How much restriction of activity is there? How long can the patient sit, stand, or walk? People with disc herniations usually have difficulty sitting for long periods, and the pain is relieved by standing or lying down. Patients with mechanic low back pain have exacerbation of their symptoms with physical activity (lifting, twisting, bending) and have relief with rest. Patients with spinal stenosis develop pain with ambulation and spinal extension. They have more difficulty going down hills than going up hills. Furthermore, their pain is relieved by sitting down. It is critical to evaluate these patients for possible vascular claudication as well. Patients with vascular claudication have difficulty going uphill; their onset of pain occurs at a reproducible distance, and their pain is relieved by standing still. One good test to differentiate these groups is stationary bicycling. Patients with vascular claudication have difficulty with bicycling, but those with neurogenic claudication usually do not. Morning stiffness may be indicative of a rheumatologic arthropathy.

 

Is there weakness or numbness? Muscle weakness, if progressive, must be evaluated urgently, and any pathologic lesions should be decompressed. It is critical to differentiate between low back pain and leg pain.

 

One must determine whether the back pain or leg pain is worse and determine their relative importance. The leg pain may be referred from the back; it may be radicular in origin, or it may be from primary hip or knee pathology. Pain from degenerative changes of the lumber spine rarely radiates below the knee, whereas disc herniation may cause pain to radiate to the foot. Radicular pain may direct evaluation to a specific nerve root level. L3 and L4 radicular pain radiate to the inner thigh; L5 progresses down the lateral calf and dorsum of the foot, and S1 symptoms radiate down the posterior calf, sole, and lateral foot. Groin pain usually is related to hip pathology.

 

More than in any other orthopedic evaluation, the psychological and social histories must be taken. In patients with chronic problems, it may be wise to refer them to a psychologist or psychiatrist before proceeding with any surgical intervention. Waddell et al. [12] evaluated 103 patients with industrial injury who had failed one operation and underwent a second spine procedure. There was improvement in only 50%, and 20% deteriorated. Results of spine surgery in workers' compensation cases clearly are worse than in patients with nonindustrial problems. Several questions must be asked. Is there litigation pending? How is the home life and work situation? What is the patient's source of income? How long since the patient has last worked? Is there a psychiatric history, or social history: smoking, drinking, or drugs?

 

Bowel and bladder symptoms and perianal numbness may be indicative of a cauda equina syndrome. This is a true emergency and needs emergent decompression. The patient should be asked to draw the area of primary pain and areas of radiation as well. Has the patient undergone previous surgery? If the patient never had pain relief after the first procedure, it is possible the correct disease was not addressed. If the patient had a significant time interval with good pain relief, it is possible that there are now degenerative changes subsequent to the previous surgery or that there is a new pathologic lesion. If the patient had only short-term relief, the issue is more difficult. The source may be postoperative scar formation that is not usually amenable to reoperation.

Physical Examination

The physical examination should start with a basic medical examination and then focus on the orthopedic and neurologic examinations. The authors focus on the orthopedic and neurologic aspects of the examination. The lumbar spine then should be inspected and palpated. Areas of localized hair growth may indicate that there is an underlying spinal dysraphism (most commonly spina bifida occulta). The spine should be palpated with the patient in the prone position. Tightness and spasm of the paraspinal muscles should be noted. One should palpate the spinous processes, the posterior superior iliac spine, the iliac crest, the greater trochanter, and the course of the sciatic nerve. Localized tenderness of the lumbar spine may indicate that there is a lumbar sprain or strain. Scoliotic deformities may be present. If so, the plumb line should be dropped from T1 to the sacrum to evaluate whether they are compensated.

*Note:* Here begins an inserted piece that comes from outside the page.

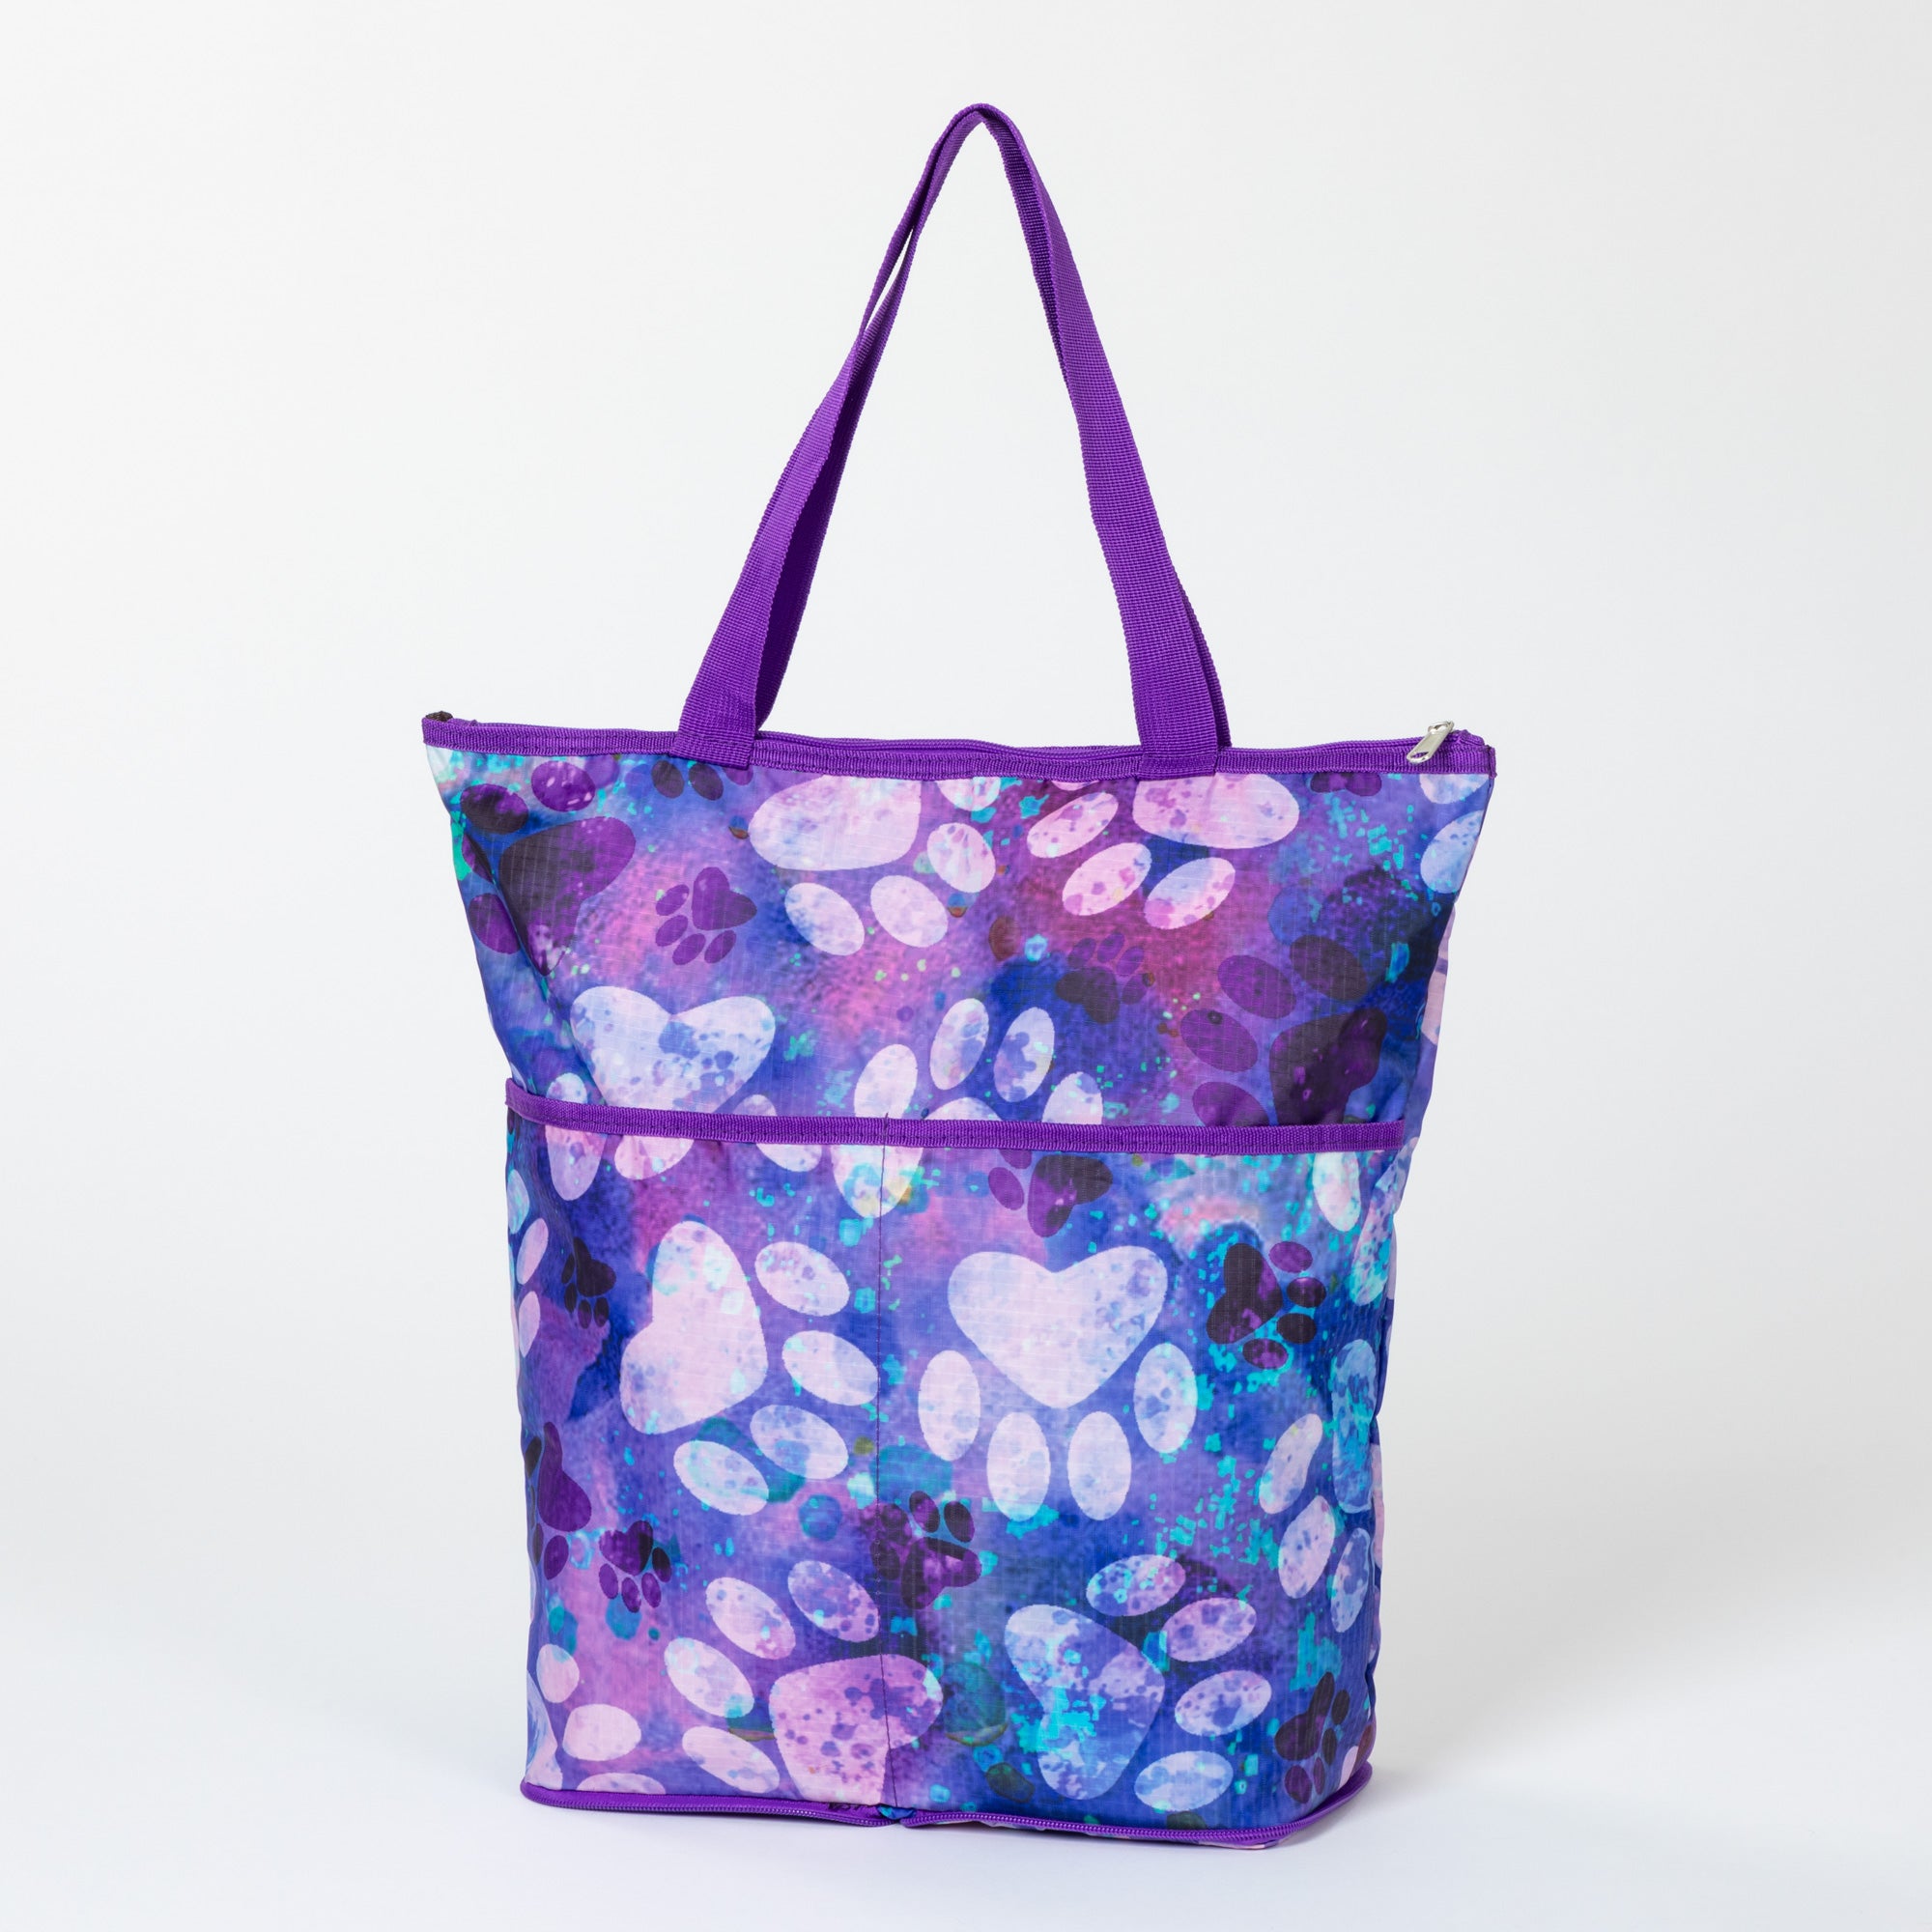 Extra Large Foldable Paw Print Tote Bag - Reflection Paws

If the patients complain of incontinence of stool, a rectal examination should be performed to assess for sphincter tone. Rectal examination also can help in the evaluation of coccygeal pain. Gait should be assessed. A broad-based gait may be indicative of central or long tract disease. The patients should have their height and weight measured. Patients may not be aware of a loss in height, which points to compression fractures of the vertebral bodies. The patient should be asked to toe walk and heel walk. This incorporates strength of the anterior tibial and posterior musculature and coordination.

 

Range of motion of the lumbar spine should be evaluated, forward flexion and extension and right and left lateral bending. It is important to differentiate bending at the hips from bending of the lumber spine. Patients normally have a smooth contour of the back when bending forward. Patients who maintain their lumbar lordosis with forward flexion have a stiff lumbar spine and are flexing at the hips. Patients with excessive kyphosis may have compression fractures or Scheuermann's kyphosis. Patients with scoliosis may have a visible rib hump with forward bending, and subtle curves are easier to see when bending forward than in the erect position. One can document the amount of bending with the angle of forward inclination or with the distance from fingertips to the floor. Patients should be able to bend equally to one side and the other. In general, patients with disc disorders have pain with forward flexion, whereas patients with spinal stenosis have pain with extension of the lumbar spine.

 

Hip examination should be performed to differentiate primary hip pathology from low back disorders. Range of motion of the hips, including flexion, extension, internal rotation, external rotation, abduction, and abduction, should be documented. Flexion contractures of the hip are assessed by maximally flexing the opposite hip to flatten the spine and then measuring the angle between the femoral shaft and the table.

 

The patients then should have motor and sensory examinations of the lower extremities Table 1. The straight leg raise test is done in the seated and supine positions. This stretches the sciatic nerve and the lower lumber nerve roots. In the seated position the calf should be brought into full extension. If this reproduces the patient's radicular symptoms, the test is positive. In the supine position, the leg is held in full extension and flexed at the hip. If the patient's radicular symptoms are elicited at 30° to 60°, the test is positive. One also should perform the test on the contralateral extremity. If this causes radicular symptoms down the symptomatic leg, the crossed straight leg test is positive. The straight leg raise test is sensitive but nonspecific, whereas the crossed straight leg test is specific for a herniated disc but not as sensitive as the affected straight leg raise. [16]

 

TABLE 1 -- NEUROLOGIC EVALUATION

Nerve Root Level

Motor Function

Reflex

Sensation

L2

Hip flexors (illopsoas)

 

Anterior thigh

 

Knee extensors (quadriceps)

Patellar tendon

Medial thigh and

L3

 

 

knee

L4

Ankle dorsiflexors (anterior tibialis)

Patellar tendon

Medial calf

L5

Toe extensors (extensor hallucis longus)

 

Lateral calf, dorsum of the foot

S1

Plantar flexors (gastrocnemius and soleus)

Achilles tendon

Lateral foot and sole of the foot

 

Light touch should be evaluated through the entire leg, foot, and ankle. Strength of the hip, thigh, calf, and foot musculature also must be documented. Hip flexors and extensors are evaluated best in the supine position. Quadriceps, hamstrings, gastrocnemius, soleus, anterior tibialis, and toe flexors and extensors should be graded on a one-to-five scale. One indicates no movement, two is a flicker of movement, three is movement against gravity, four is movement against mild resistance, and five is full strength.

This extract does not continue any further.